Your assignment – Starting at the line that contains "軽快でおしゃれな生演奏フルートのボサノバの再生済みの波形", transcribe each line exactly through the end of the data below, and skip any pictures.

Stored data –
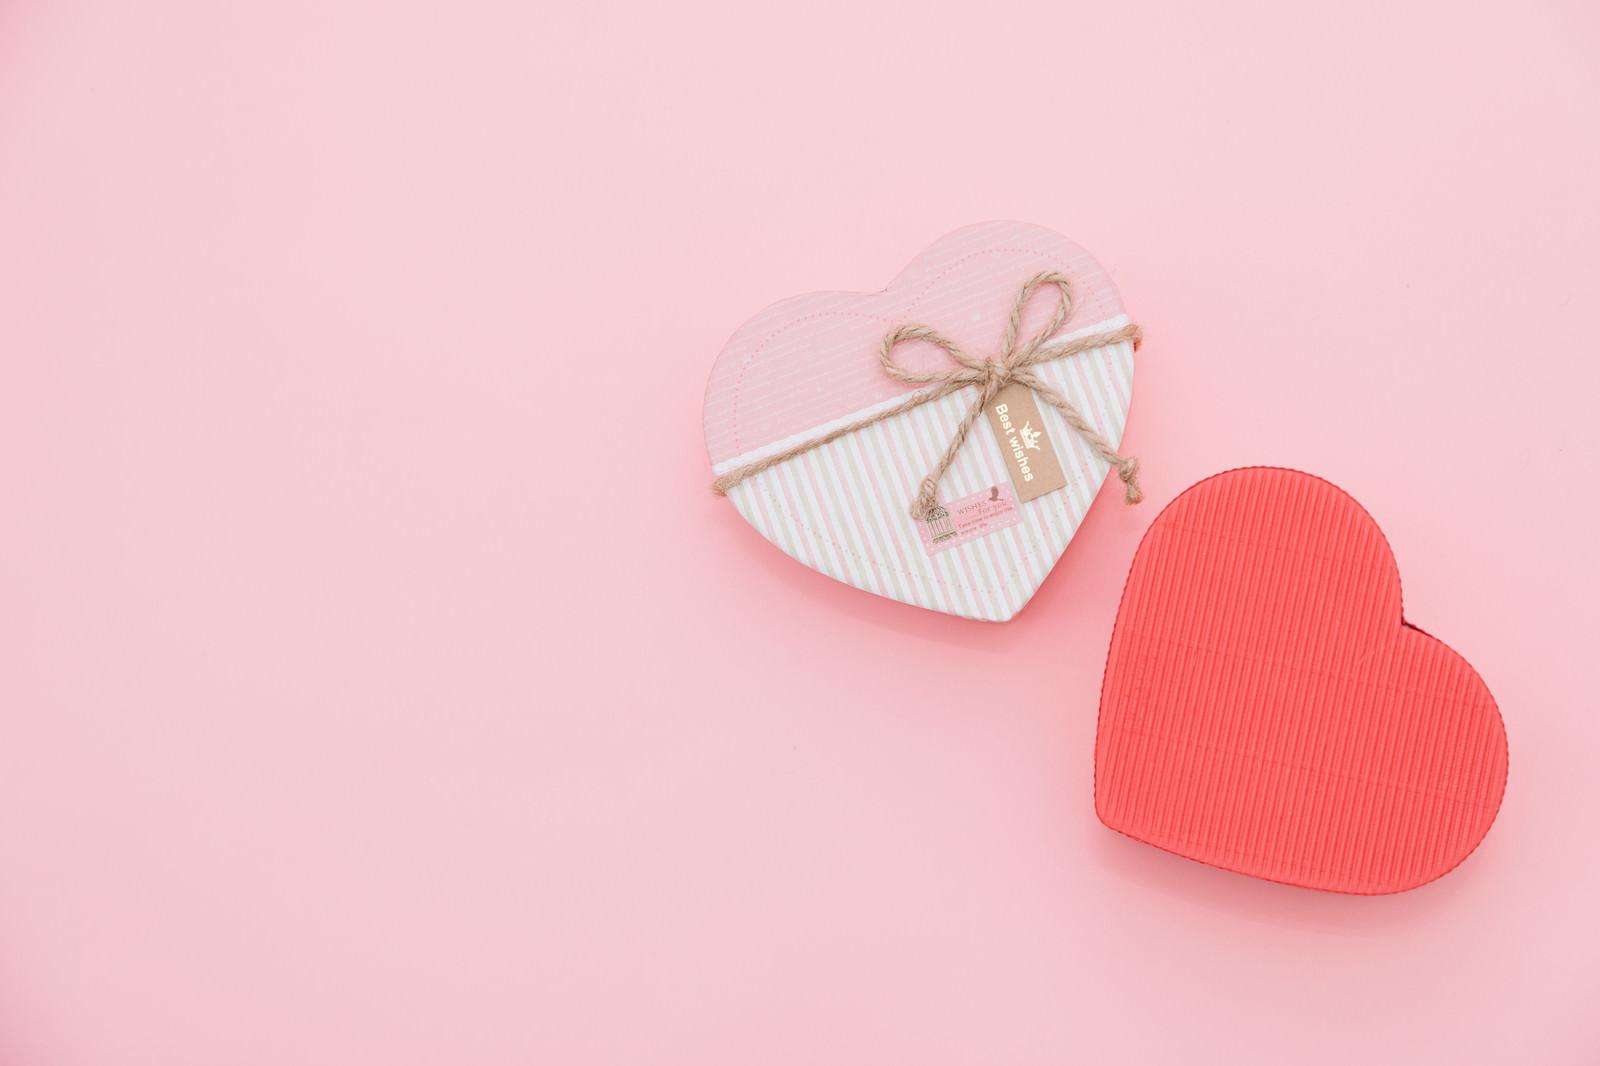 「恋が叶う」の写真
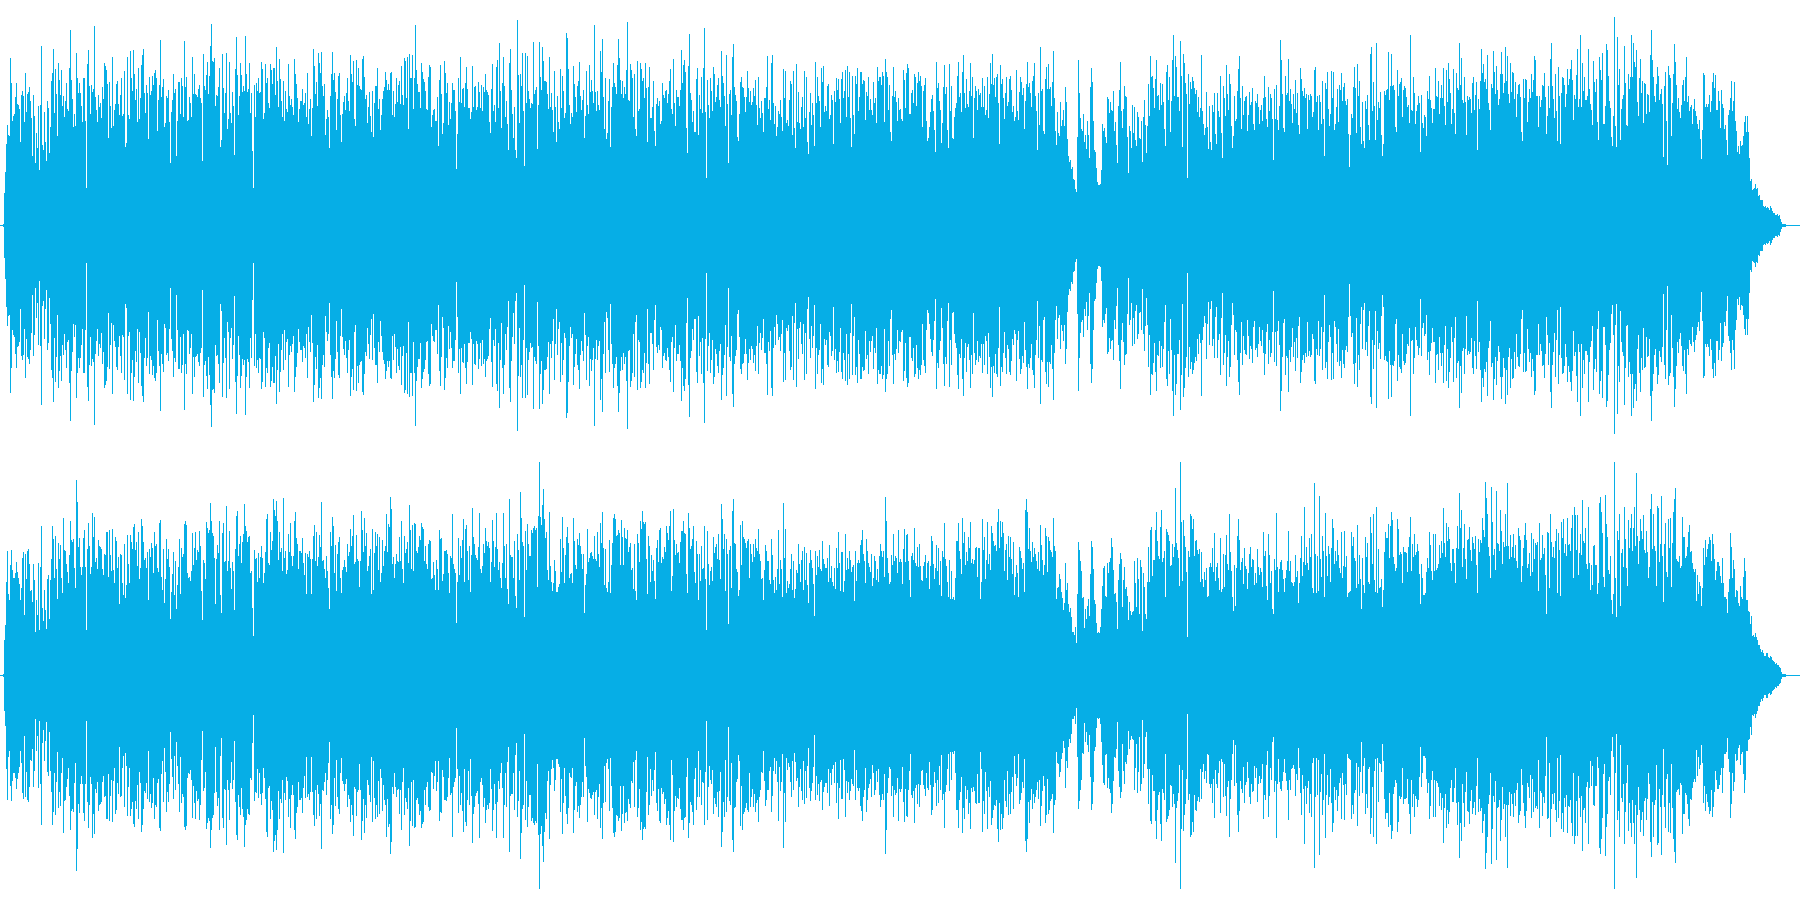 軽快でおしゃれな生演奏フルートのボサノバの再生済みの波形
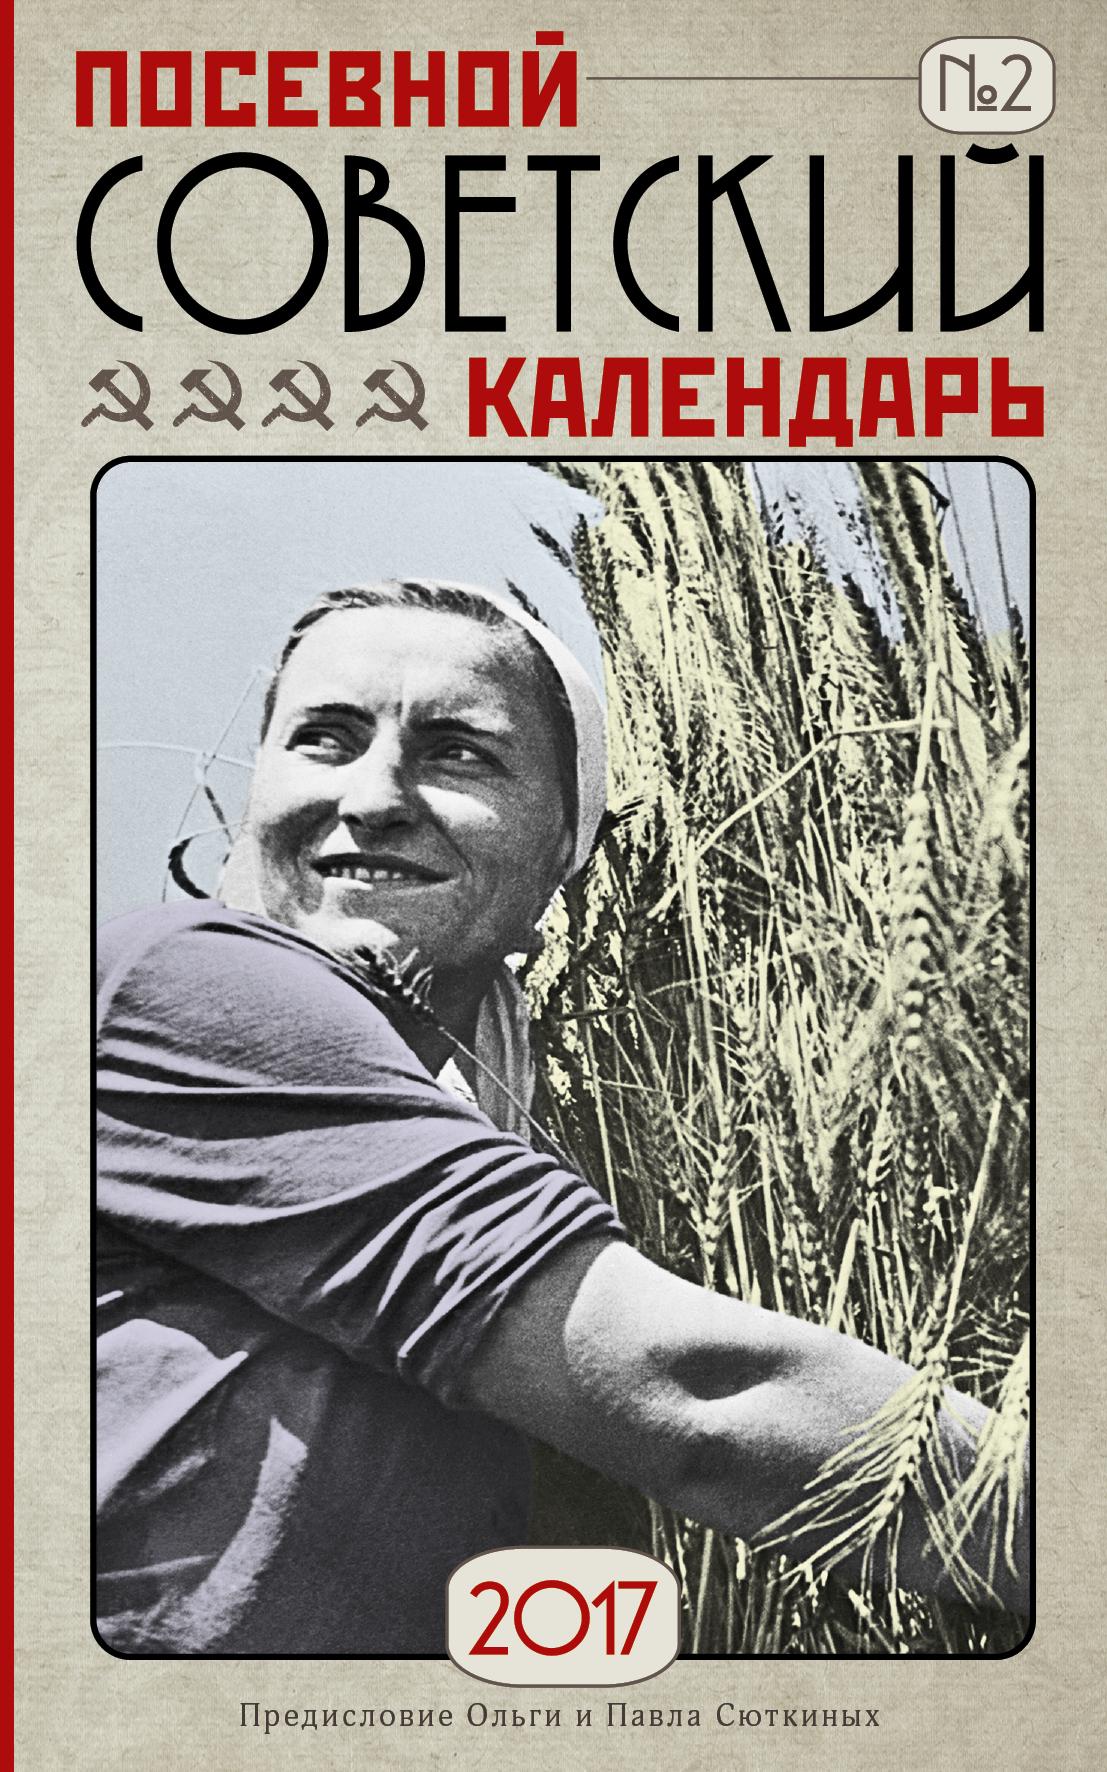 Посевной советский календарь. Сажаем по ГОСТу

Solution below –
 軽快でおしゃれな生演奏フルートのボサノバの再生済みの波形
 Посевной советский календарь. Сажаем по ГОСТу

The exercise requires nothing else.